Everything from the line with "You Can Mentor: A" to the end of the data below, both lines included, should be transcribed exactly; please omit the pictures.

Recorded data:
┄┄┄┄┄┄┄┄┄┄

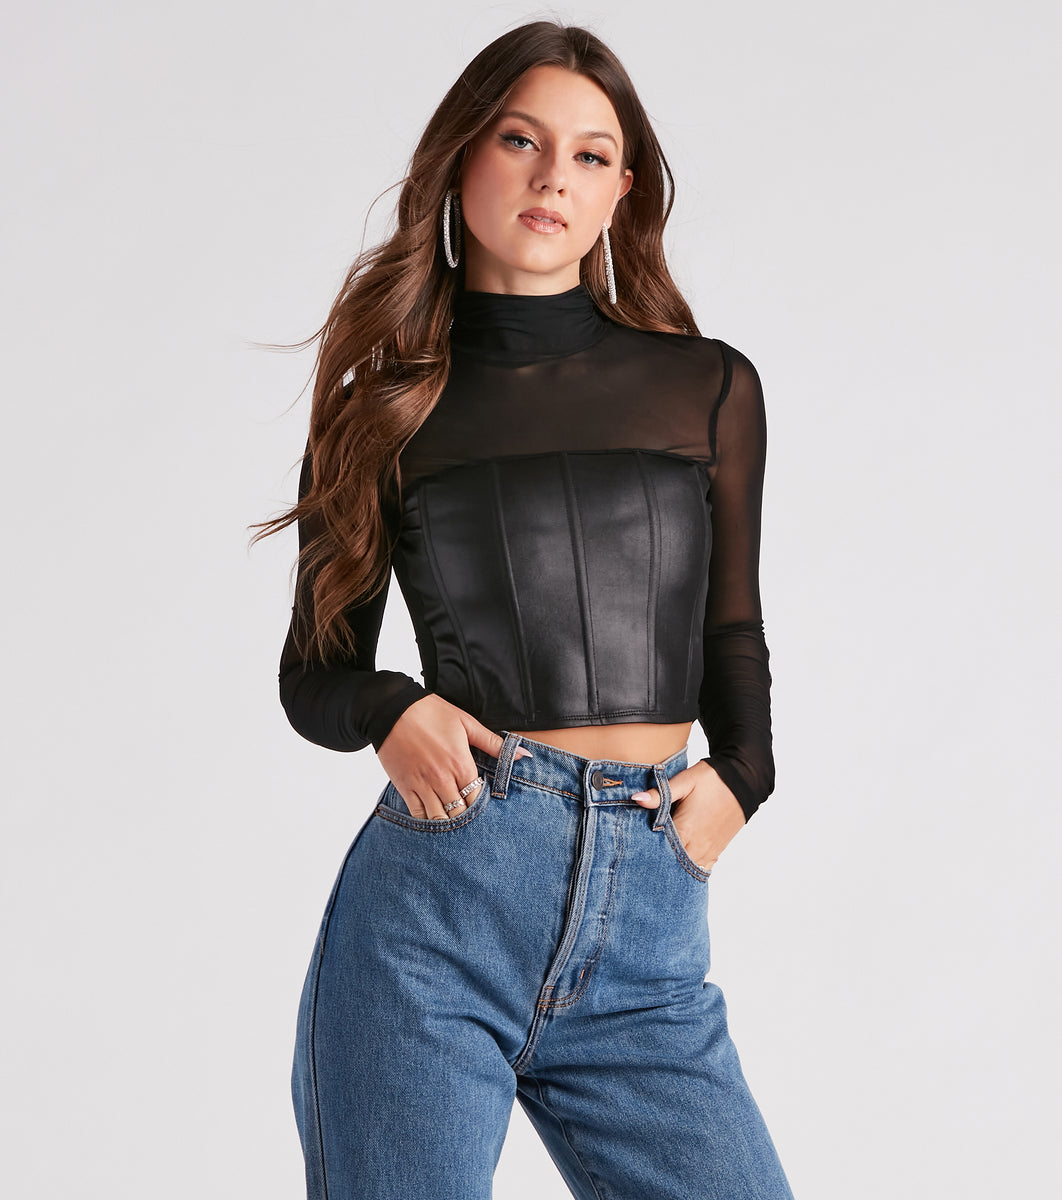 Total Grunge Faux Leather Corset Mesh Top & Windsor
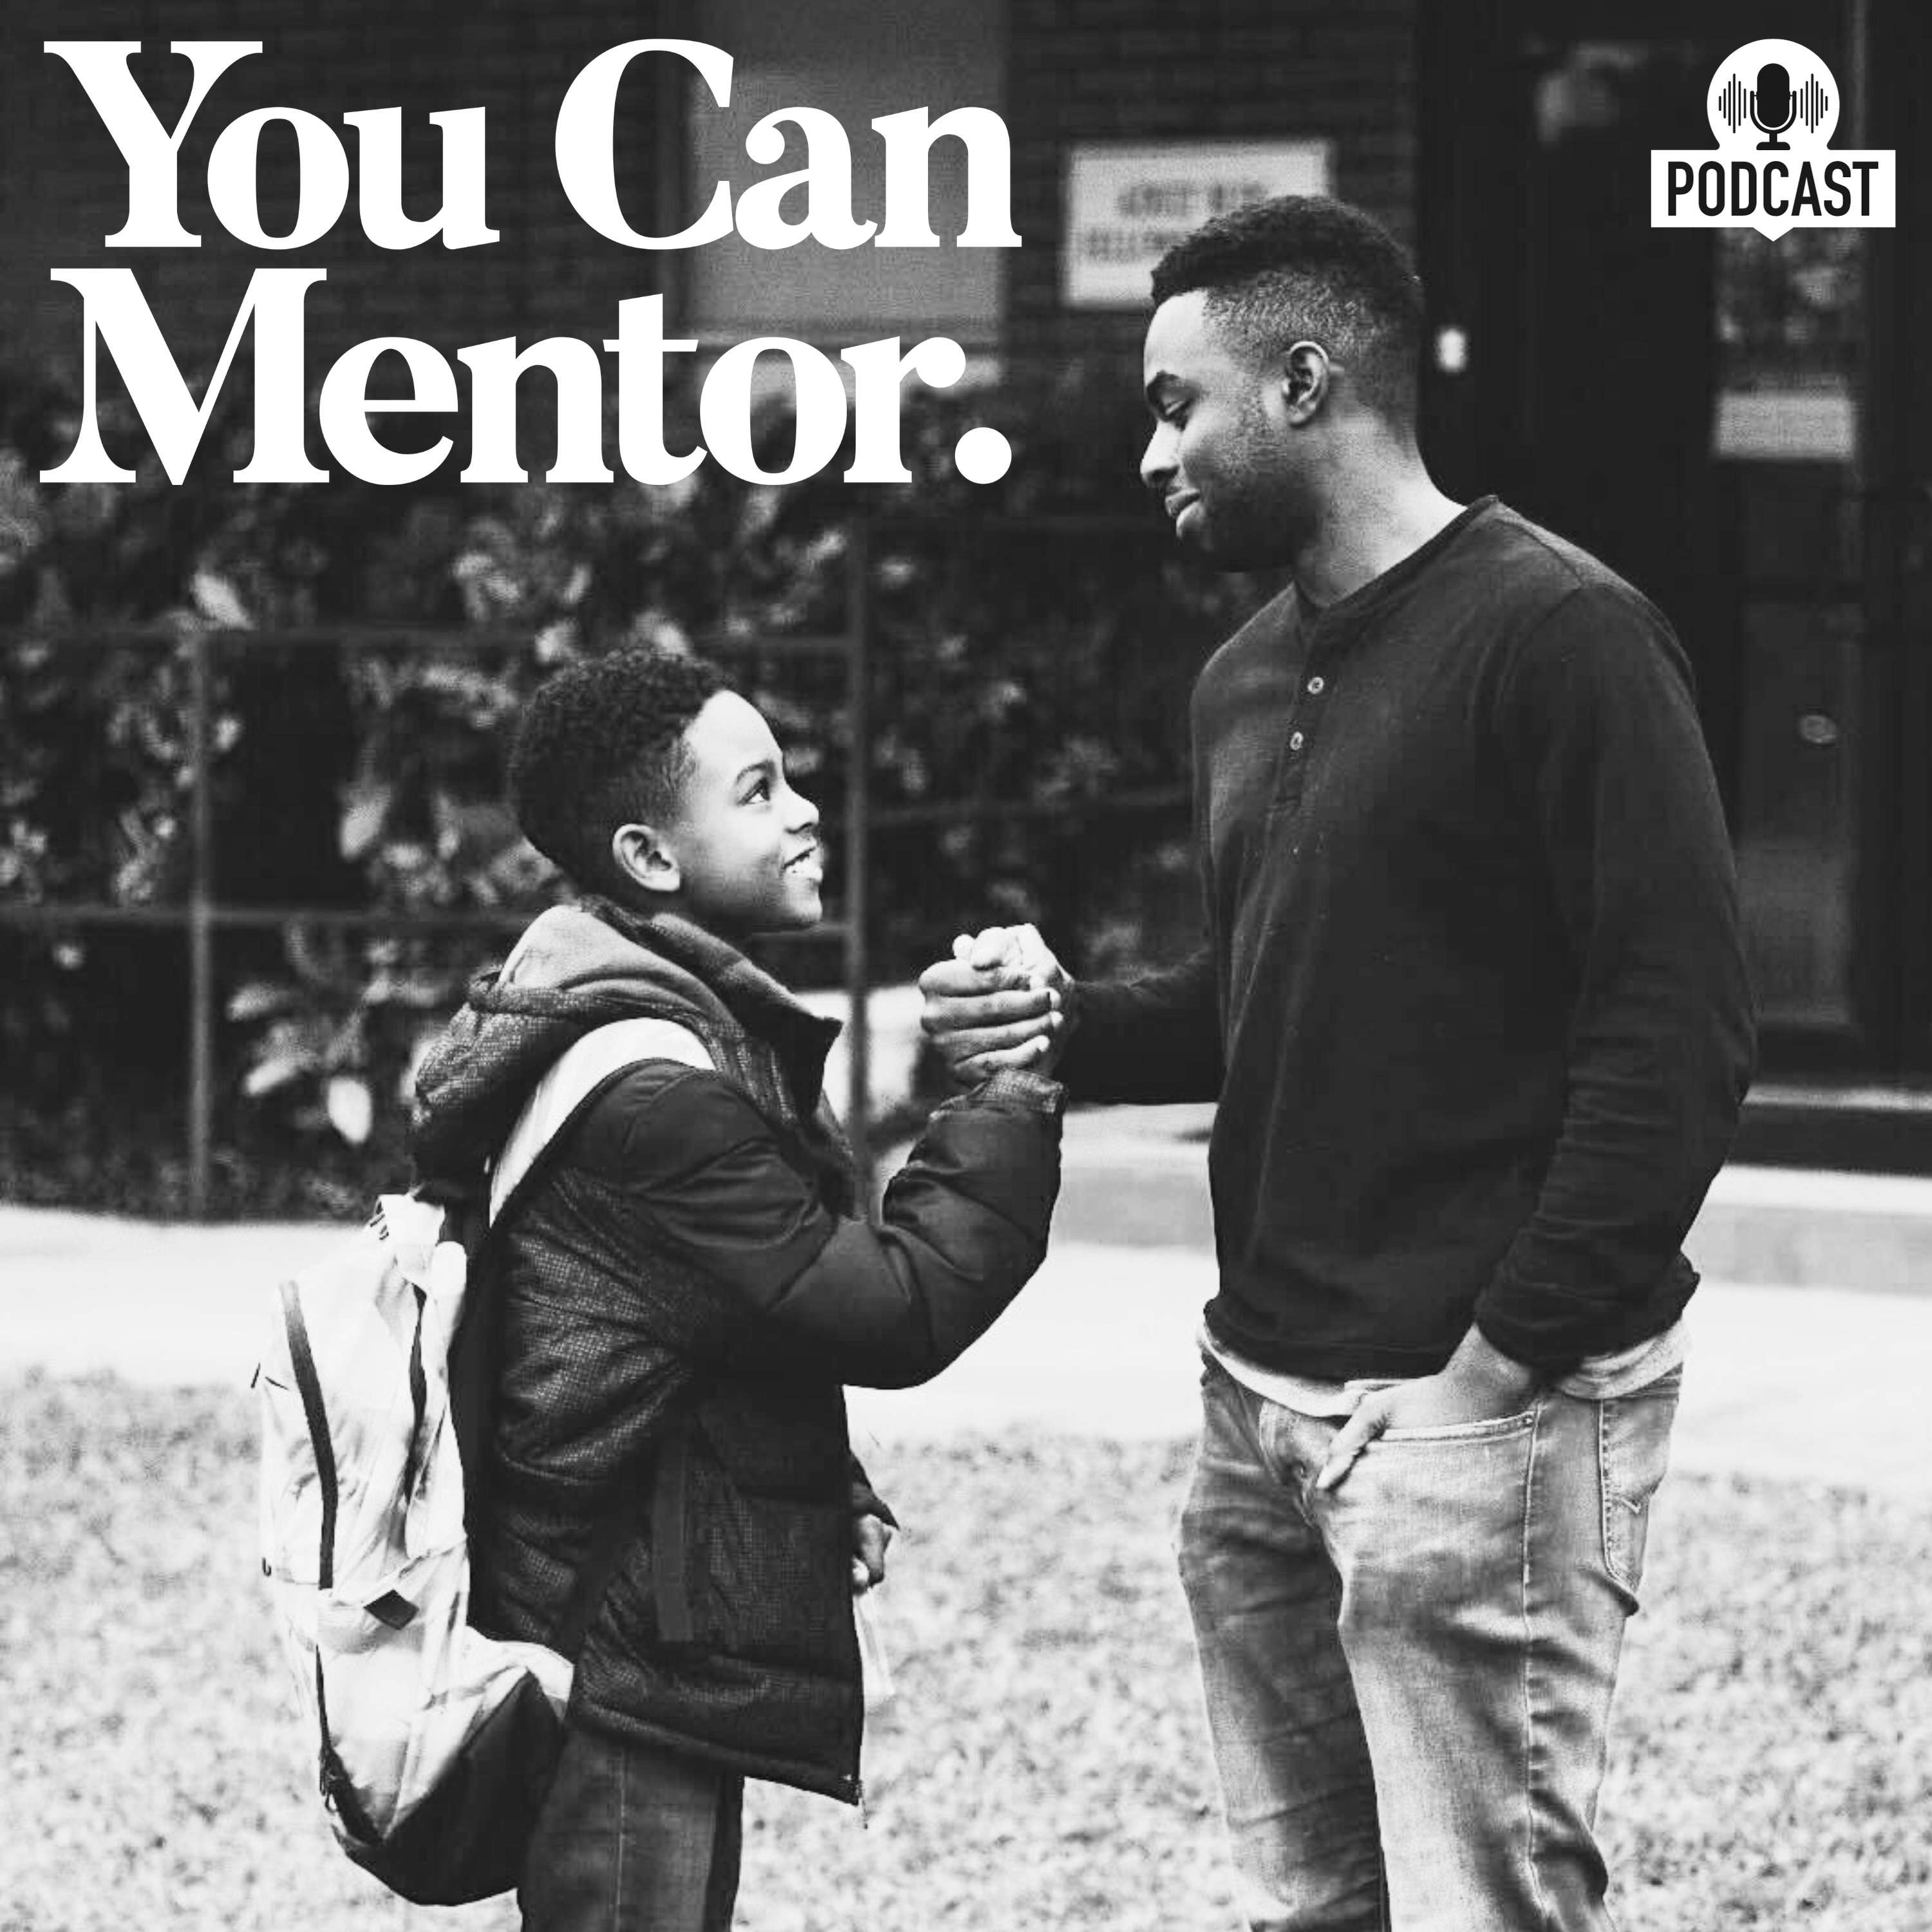 You Can Mentor: A Christian Mentoring Podcast
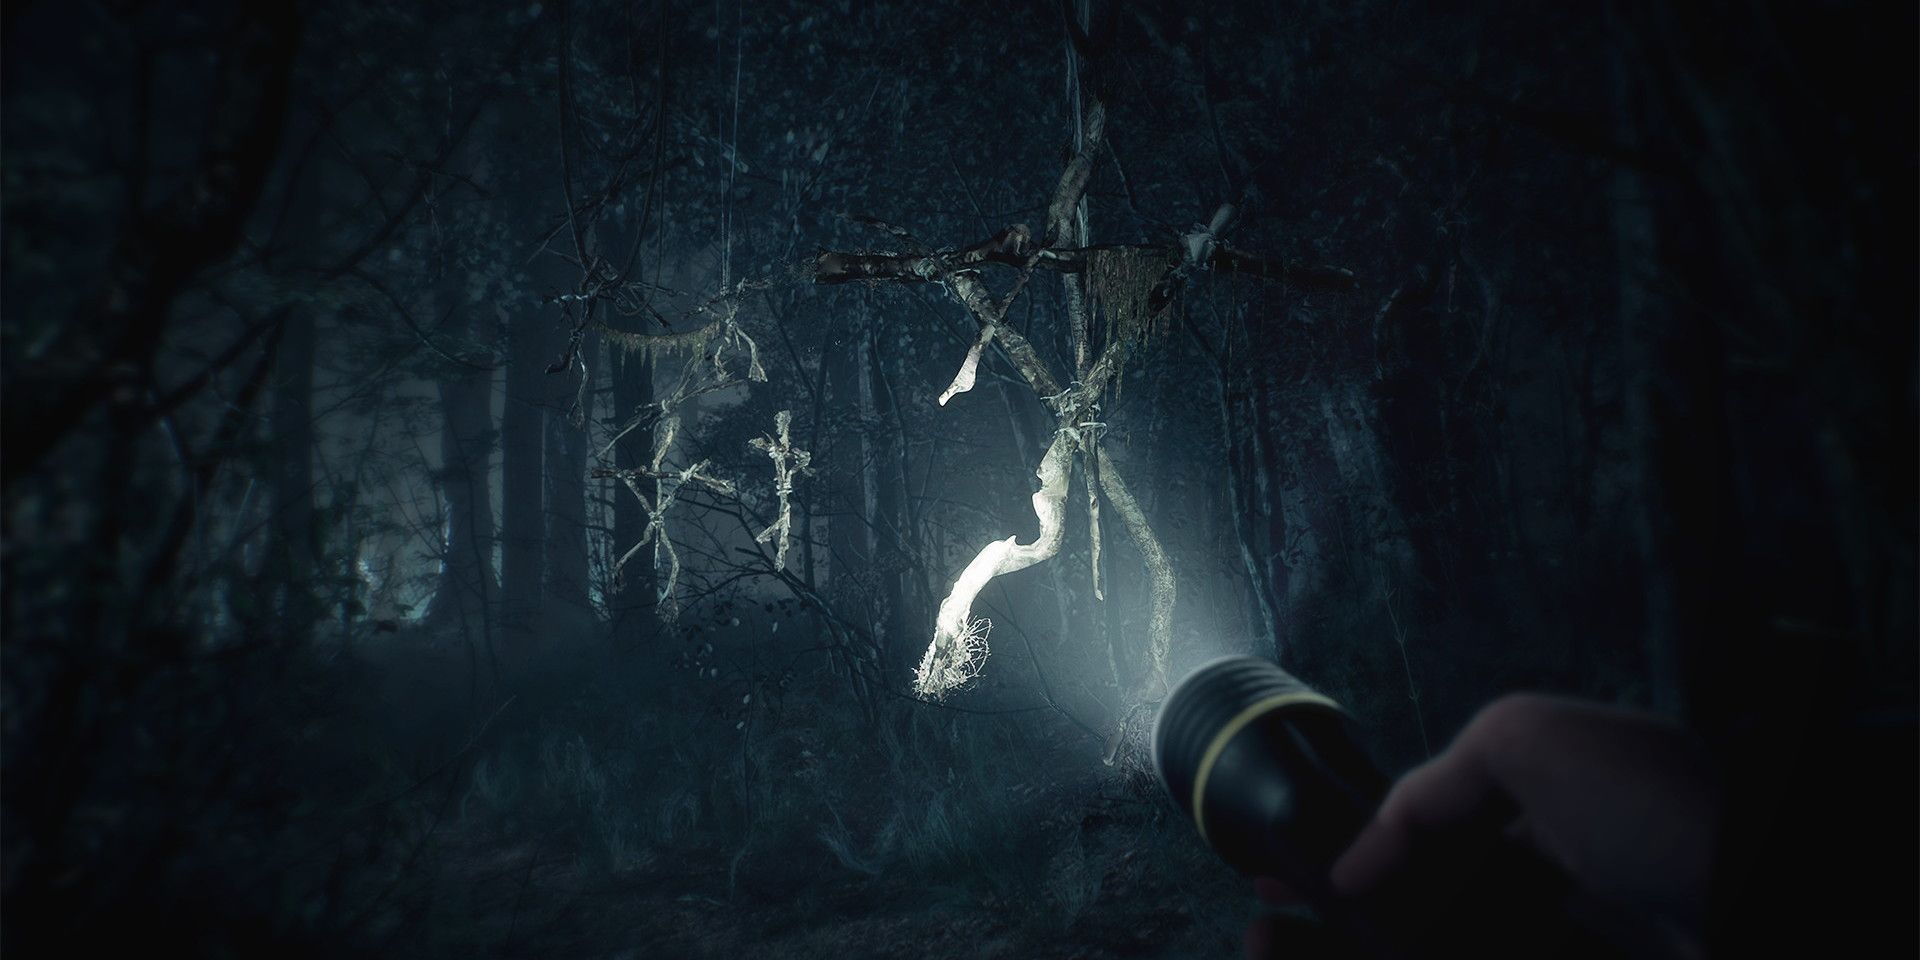 Blair Witch - Ellis Shining A Flashlight In The Middle Of A Dark, Creepy Woods

┄┄┄┄┄┄┄┄┄┄

Response to the exercise:
 You Can Mentor: A Christian Mentoring Podcast
 Blair Witch - Ellis Shining A Flashlight In The Middle Of A Dark, Creepy Woods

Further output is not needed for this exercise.